Three deckhands hauled a massive spool of rigging rope across the deck. They approached the section of timber Kaelen was repairing. They did not ask him to move. They did not acknowledge him.

The lead sailor, a thick-shouldered man with a harpoon tattoo on his neck, stopped. He looked at Kaelen's dark, exhausted eyes. He looked at the heavy, purple bruising creeping up Kaelen's right forearm, tracking the exact path where the black obsidian mutation had tried to tear through the skin during the night.

The sailor spat a thick wad of tobacco onto the deck, missing Kaelen's boot by a fraction of an inch.

The man raised his right hand, crossing his index and middle fingers. He dragged the gesture across his own chest—a deep-water ward against the evil eye. He turned his back entirely and hauled the rigging rope in a wide, inefficient arc around the mainmast just to avoid walking near the boy.

Kaelen did not look up. He did not wipe the spit from the wood.

The social hierarchy of the ship had permanently shifted. The grudging, working-class respect he had earned hauling coal in the freezing wind was dead. The crew had seen him lift a grown man off the deck by the throat. They had seen his eyes glow with solid violet light. He was no longer a slum rat working for his passage. He was a liability.

He was a monster.

Kaelen accepted the judgment. The crew was right. He had nearly crushed a night-shift sailor's collarbone to powder while sleepwalking. The man currently lay in the ship's hold, coughing up blood, his shoulder bound in tight linen. Kaelen had brought an apex predator onto their vessel.
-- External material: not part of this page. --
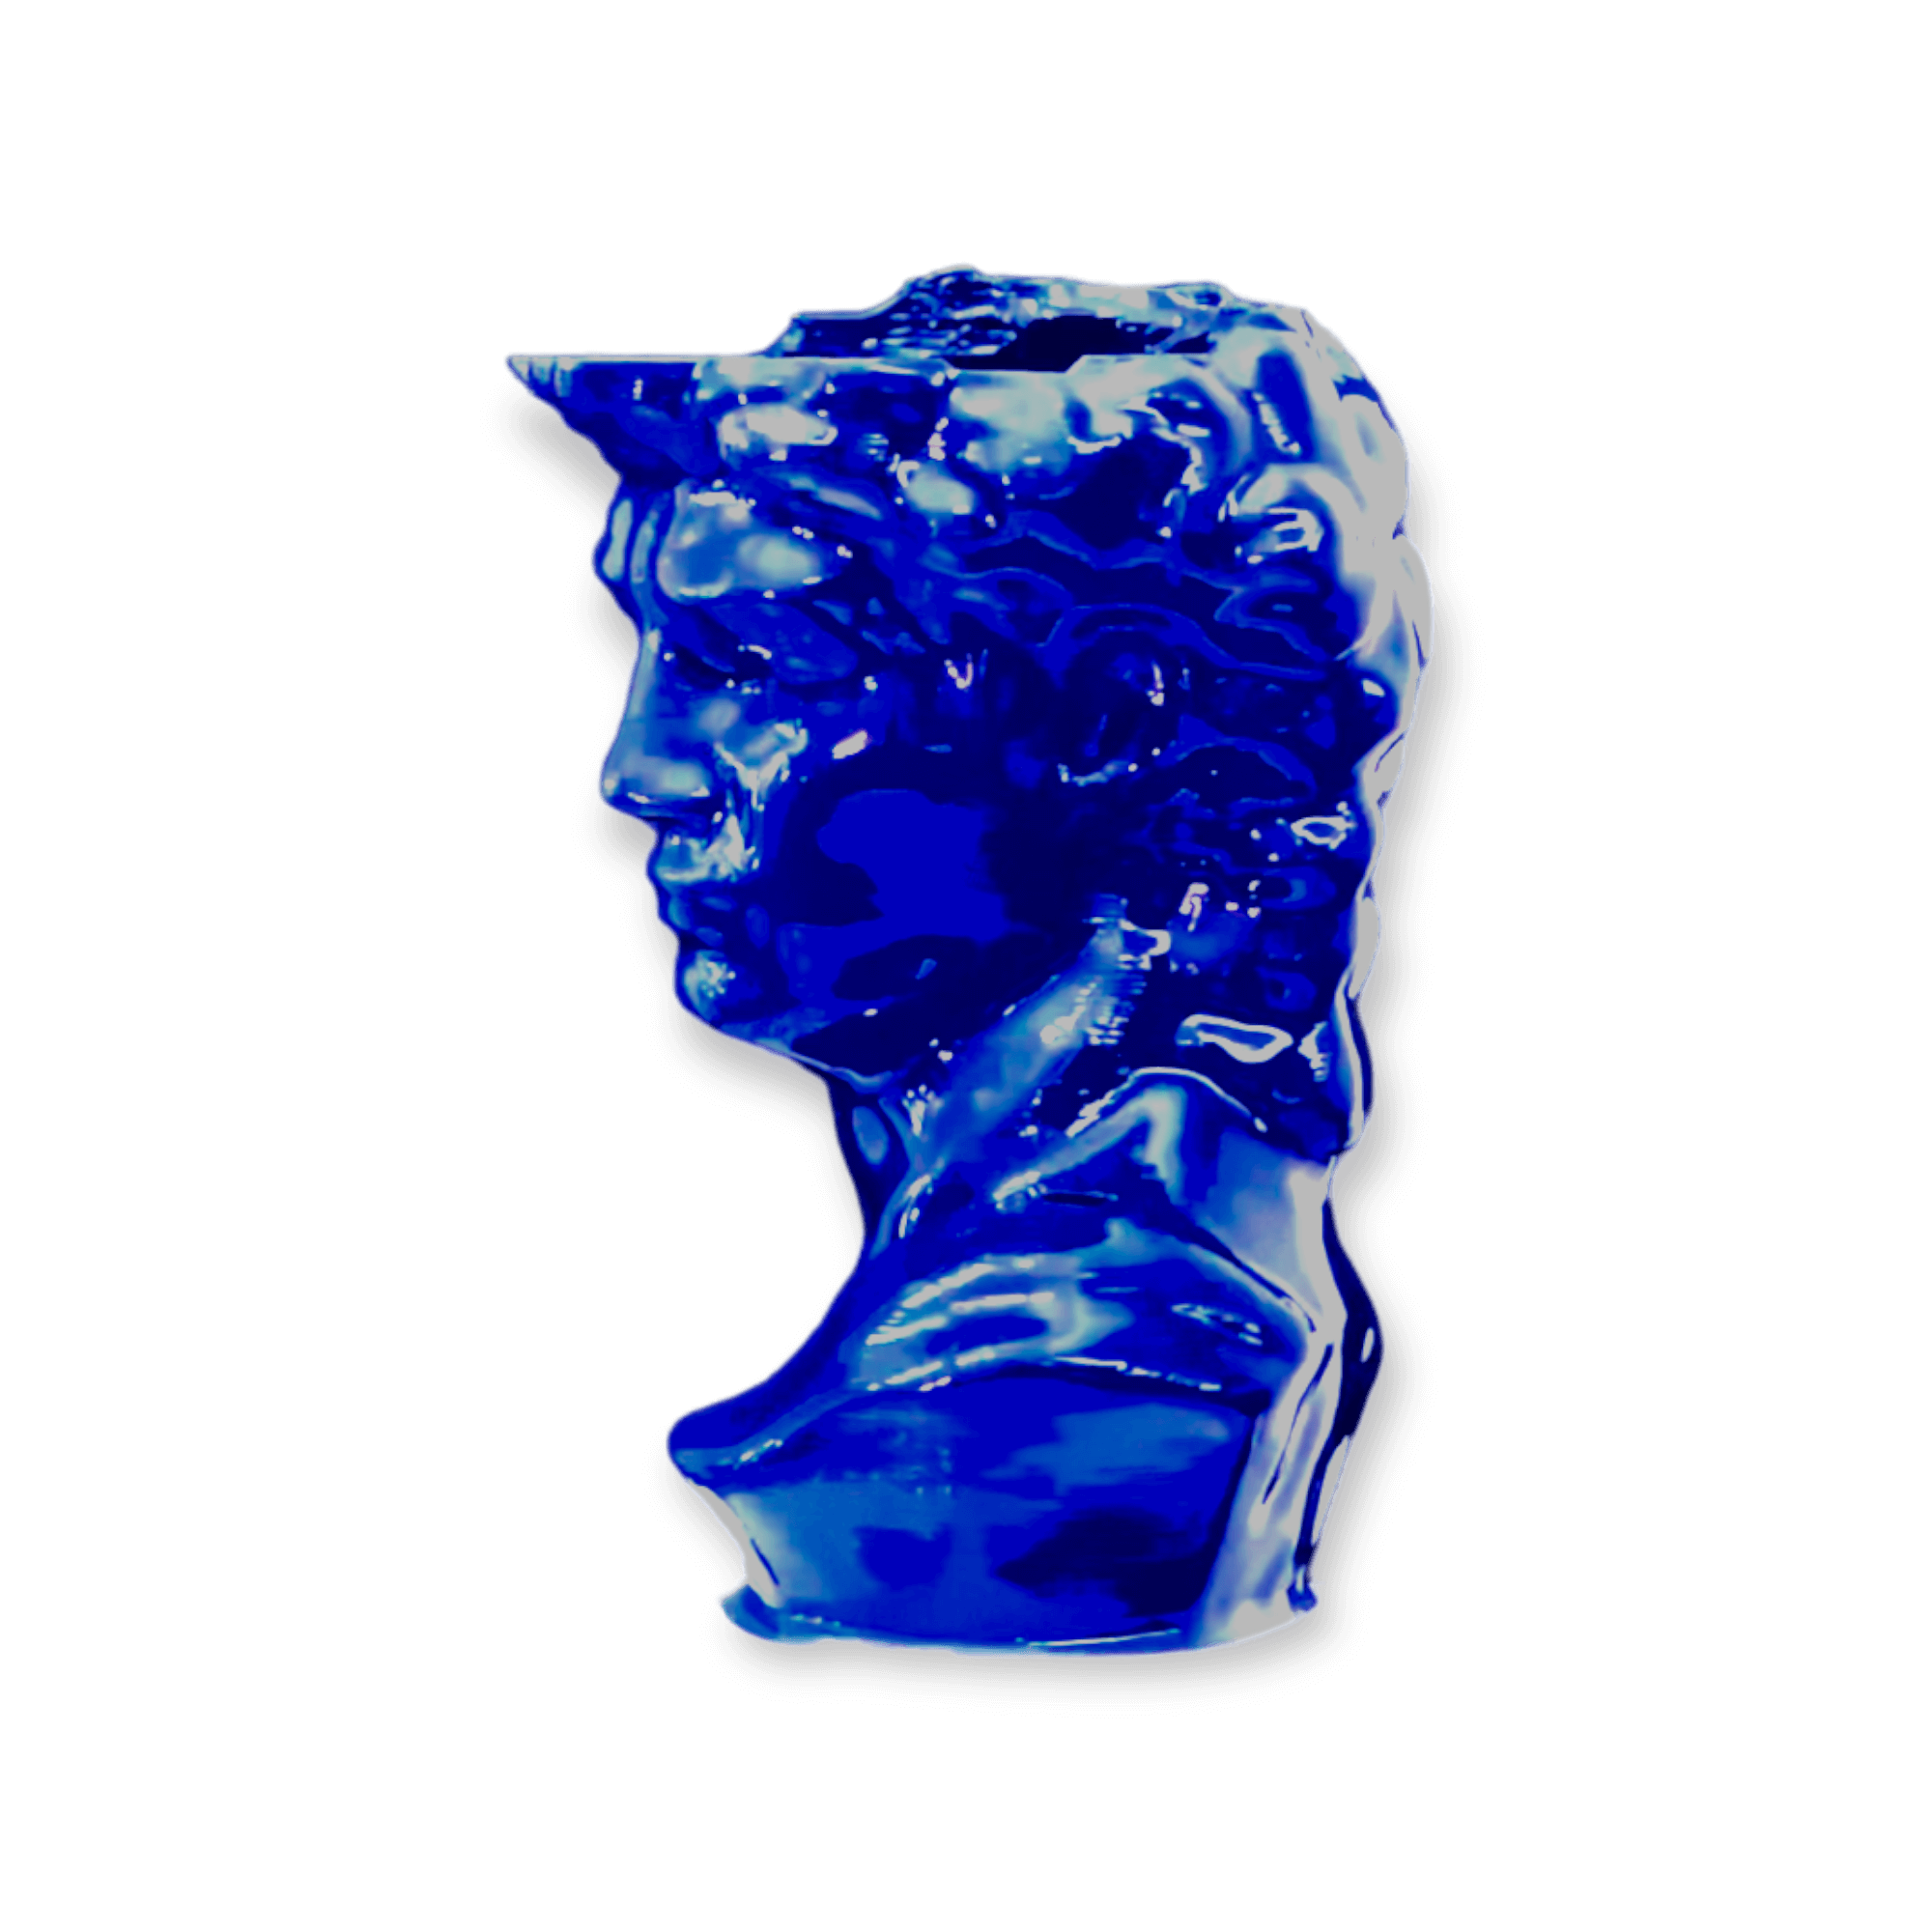 David mini 1 layer spiral and glazed 3d print 3.png.PNG

He did not track the sailors down to offer an apology. Words held zero currency on the dead water. He offered the only compensation the environment understood.

Labor.

Kaelen picked up a heavy, splintered plank. He hauled the damaged oak out of the groove, his biceps straining against the dead weight. He dragged the fresh timber into place. He lined up the joints. The rough wood chewed the raw, healing skin off his palms. Splinters buried themselves deep in his fingers. He let the wood tear his hands open. He bled onto the deck.

He worked. He did not complain. He did not draw a single kinetic Thread to ease the burden.

Captain Radek watched from the helm.

The hardened smuggler chewed on the end of an unlit cigar. He rested his thick forearms against the ship's wheel. Radek evaluated the boy bleeding on his deck. The captain cared about risk and profit. Kaelen Vane was an active hazard, but he was also replacing the crushed decking with methodical, unbroken efficiency. Radek did not order his men to throw the boy overboard. He let the street rat pay his toll in sweat and splinters.

Vesper sat on a stack of shipping crates near the mid-deck hatch.

The Deep Wards scavenger leaned back against the iron crane, tossing a solid silver Vanguard coin in the air. Raw blue static jumped across her knuckles every time she caught the metal. She watched Kaelen hammer the nails. She did not approach him. She did not offer the blistering, electric friction that had kept his heart beating in the boiler room.

She understood the mechanics of his exhaustion. She saw his shoulders trembling under the thin shirt. She saw the delayed reaction time in his hammer swings. He was running out of battery. She stayed back, waiting to see exactly how the void broke.

Siora stood near the forward capstan.

The beast-kin warrior wore her thick fur mantle against the freezing wind. Her slitted pupils remained locked entirely on Kaelen. Her tufted ears swiveled, tracking the erratic, heavy thump of his heart. She saw the blood staining the handles of his tools. She watched the crew avoid him, whispering curses in the shadows of the rigging.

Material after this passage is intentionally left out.